Under certain conditions electronic states can form quasi-two dimensional states, e.g. inside a thin metallic layer (quantum well state) or at the surface of a metal (e.g. Shockley-type surface states.) In particular the latter can be used as sensitive probes for the modification of surface topology or for the adsorption of atoms and molecules, due to their presence at the surface. On the other hand, these states can play an active role for adsorption or cataclytical properties of a surface. As an example for such a surface state, the figure shows a complete ARUPS data set (He I) of the Shockley state of Cu(111) covered with one atomic layer of Ag-layer. This figure displays the band dispersion vs. the parallel momentum as cuts through the two dimensional k-space.

Furthermore, two-dimensional states can be used as model systems for the investigation of fundamental questions in solid state physics, as e.g. the influence of electron-electron and electron-phonon interactions to the electronic structure. Recently, in the context of spintronics applications one has discussed a new type of (non-magnetic) materials where the surface states show a large Rashba splitting because of a strong spin-orbit coupling. This can be seen, e.g., in Fermi surface of a Bi/Ag(111) surface alloy, measured by ARPES (see figure), where the spin-degeneracy is lifted.

H. Bentmann et al., Europhys.
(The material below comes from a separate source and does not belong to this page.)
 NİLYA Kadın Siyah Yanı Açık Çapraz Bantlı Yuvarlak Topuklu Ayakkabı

Lett. 87, 37003 (2009).

Surface quality and characterisation

Many of the studies in EP7 are based on a careful structural and electronic characterisation of surfaces, in particular when they are prepared by techniques (MBE, sputtering, etc.). An example for a “classical” application of the available experimental techniques is the systematic investigation of x-ray optics, where the cleanliness of the surface is critical in industrial lithographic processes. Disturbances in Low Energy Electron Diffraction (LEED) patterns taken from the surface of a Ru single crystal as a model system, e.g., indicate the presence of contaminants (left) which can be removed after a rigorous cleaning procedure (middle).

As an example for high resolution SPA-LEED, the right figure displays the measurement of a single monolayer of PTCDA molecules on a Ag (111), which shows a lot of details in the diffraction pattern, containing information about geometry, island size, or film quality. This information can be completed by scanning probe measurements like AFM (Atomic Force Microscopy) or STM (scanning tunneling microscopy).
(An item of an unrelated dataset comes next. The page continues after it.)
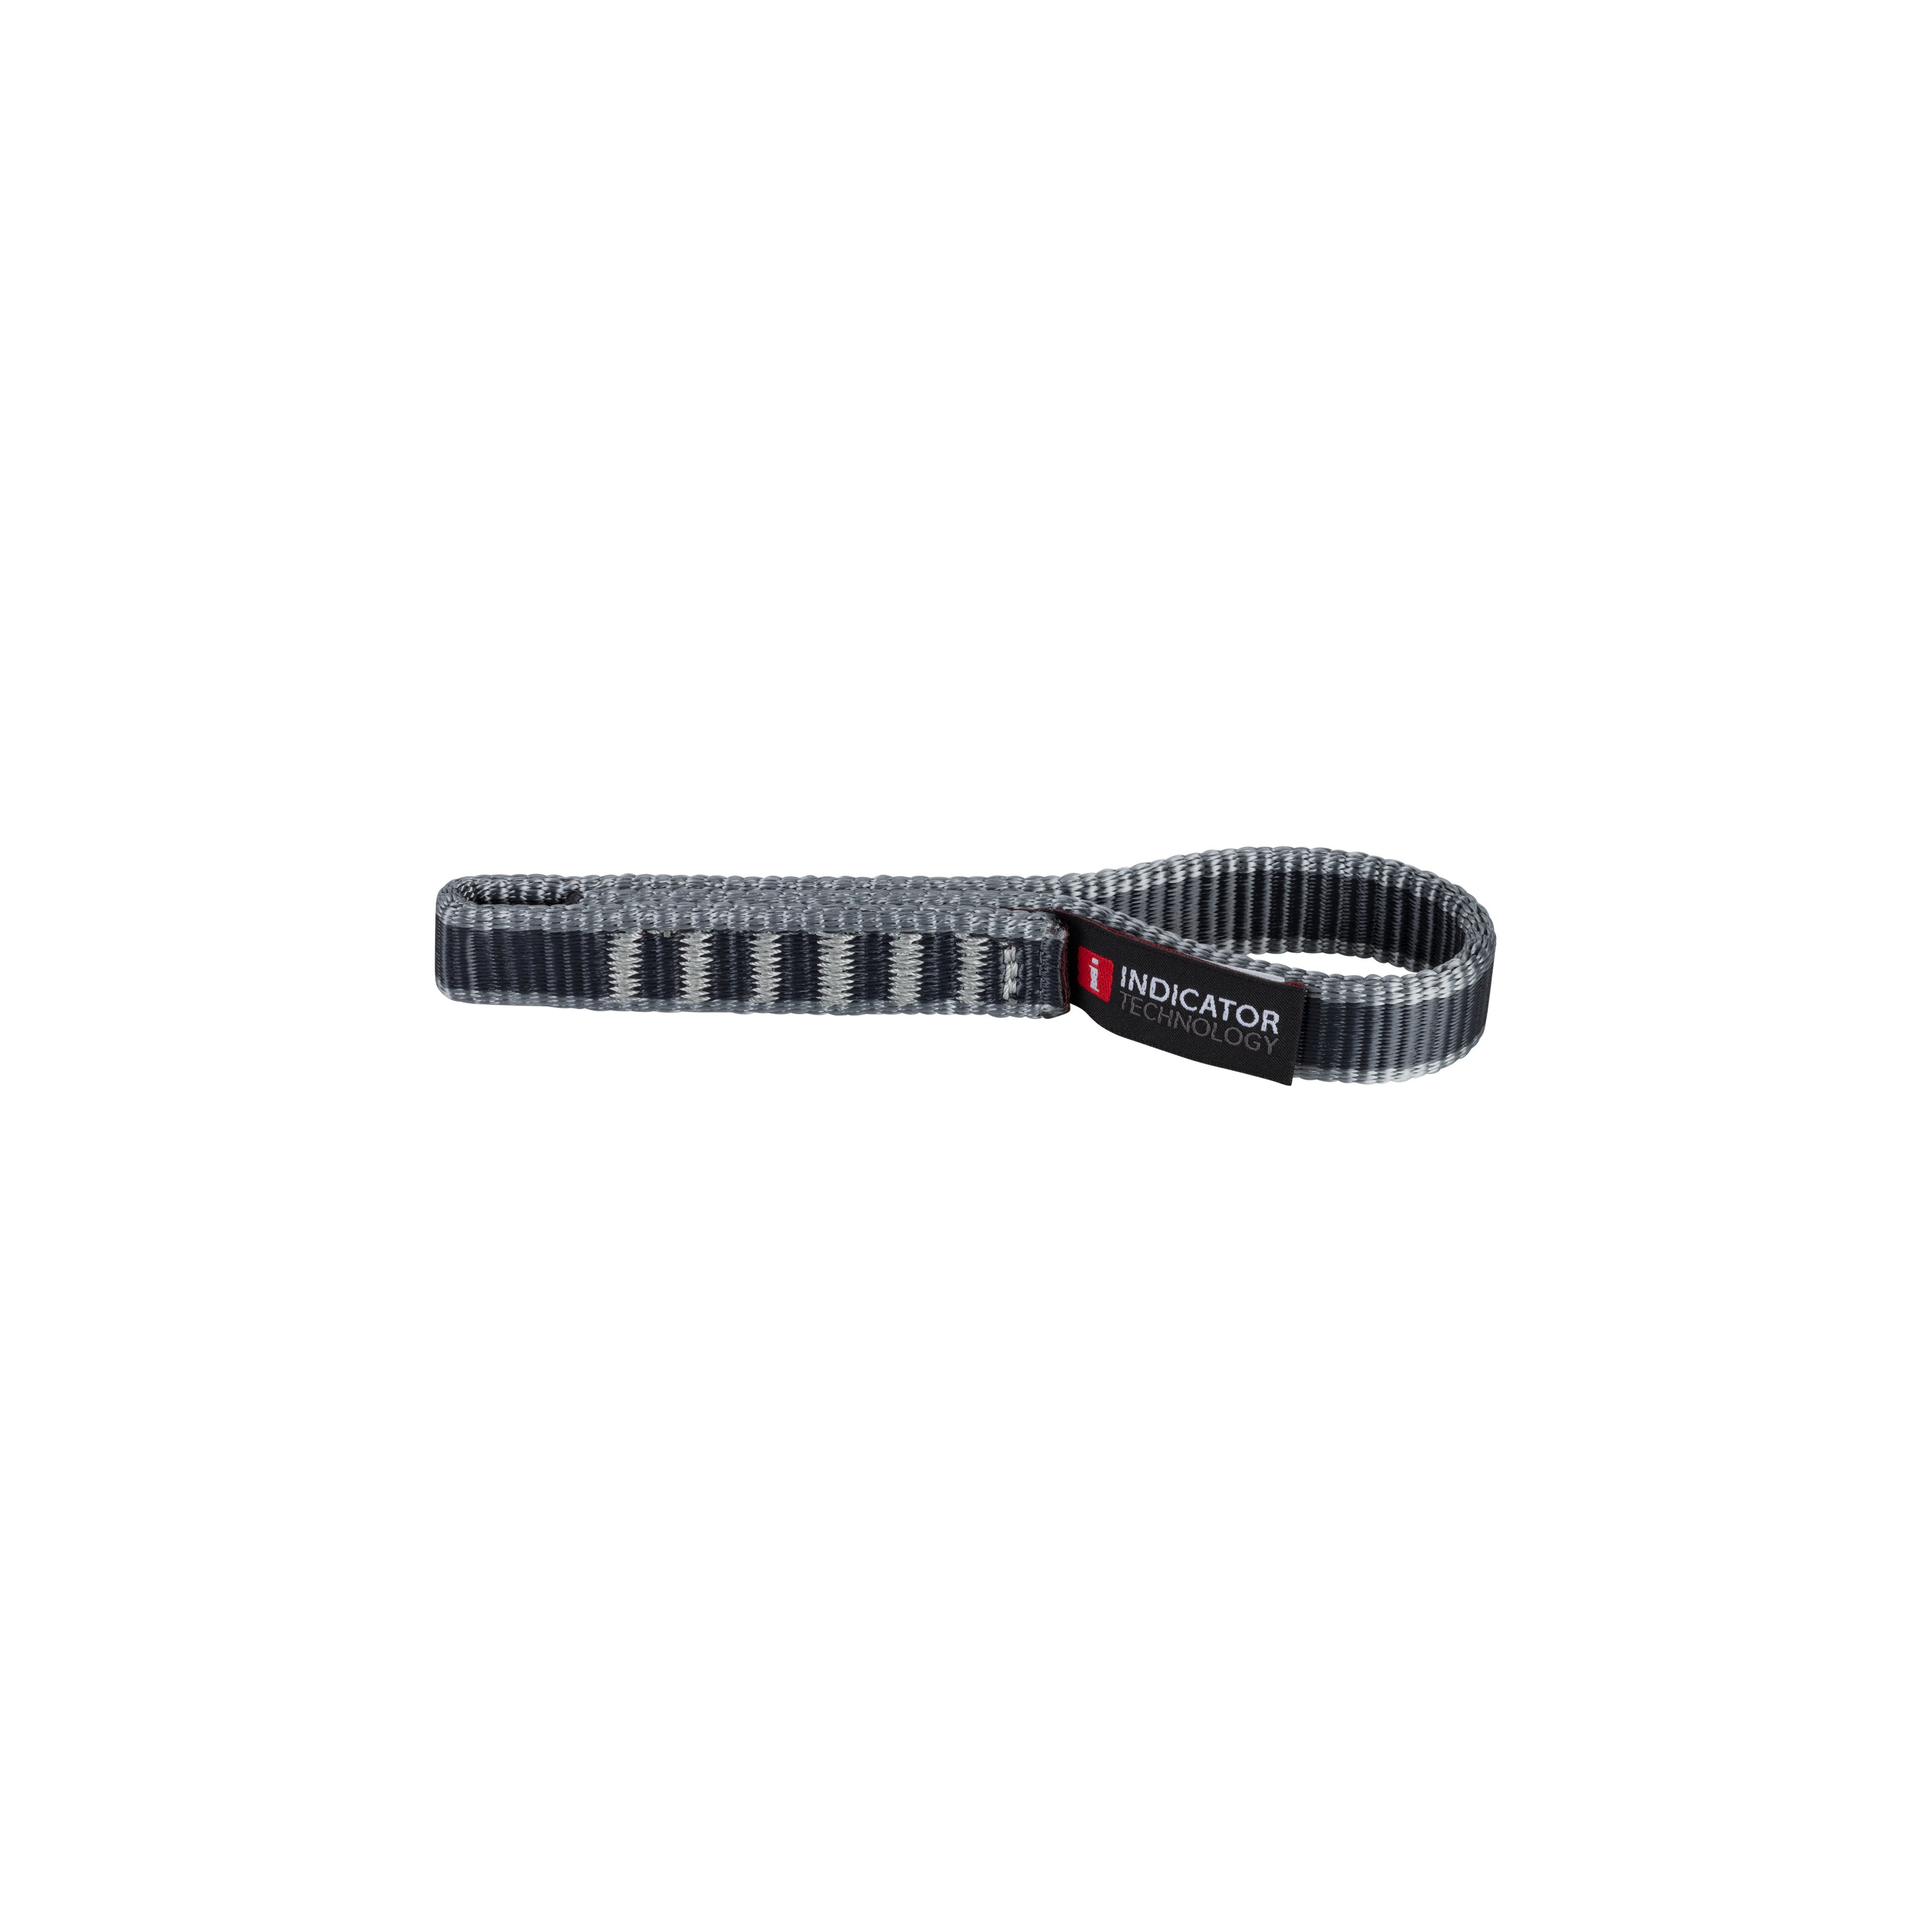 Gym Indicator Express Sling 16.0 - basalt-grey, 15 cm thumbnail

Cooperation with Astrium GmbH

The cooperation between Astrium GmbH, an European Aeronautic Defence and Space (EADS) company, and the Department of Experimental Physics 7 (EP 7) of the University of Würzburg has been established in the frame of the European Space Agencies (ESA) Laser Interferometer Space Antenna (LISA) Pathfinder satellite mission. LISA Pathfinder, which will be launched into orbit in 2014, is a precursor mission aimed at demonstrating key technologies for future space-based gravitational wave detectors such as LISA.

The collaboration supported the goal of engineering a robust and effective mechanism of discharging the performance critical components inside the satellite, by selective manipulation of the components gold surfaces. The challenge for the University of Würzburg was to measure and characterize the effects of surface manipulation techniques like Argon ion bombardment, and the effect of different coatings or adsorbants. During the measurement campaign diverse methods commonly used in surface science, such as low energy electron diffraction (LEED) or X-ray photoelectron spectroscopy (XPS) have been utilized. EP 7 manufactured their own coatings as well as analyzed representative gold coatings as they are used inside of the satellite. To simulate the surrounding conditions of the surfaces in space, all experiments took place in an ultra-high vacuum (UHV) chamber at pressures below 10^-9 mbar.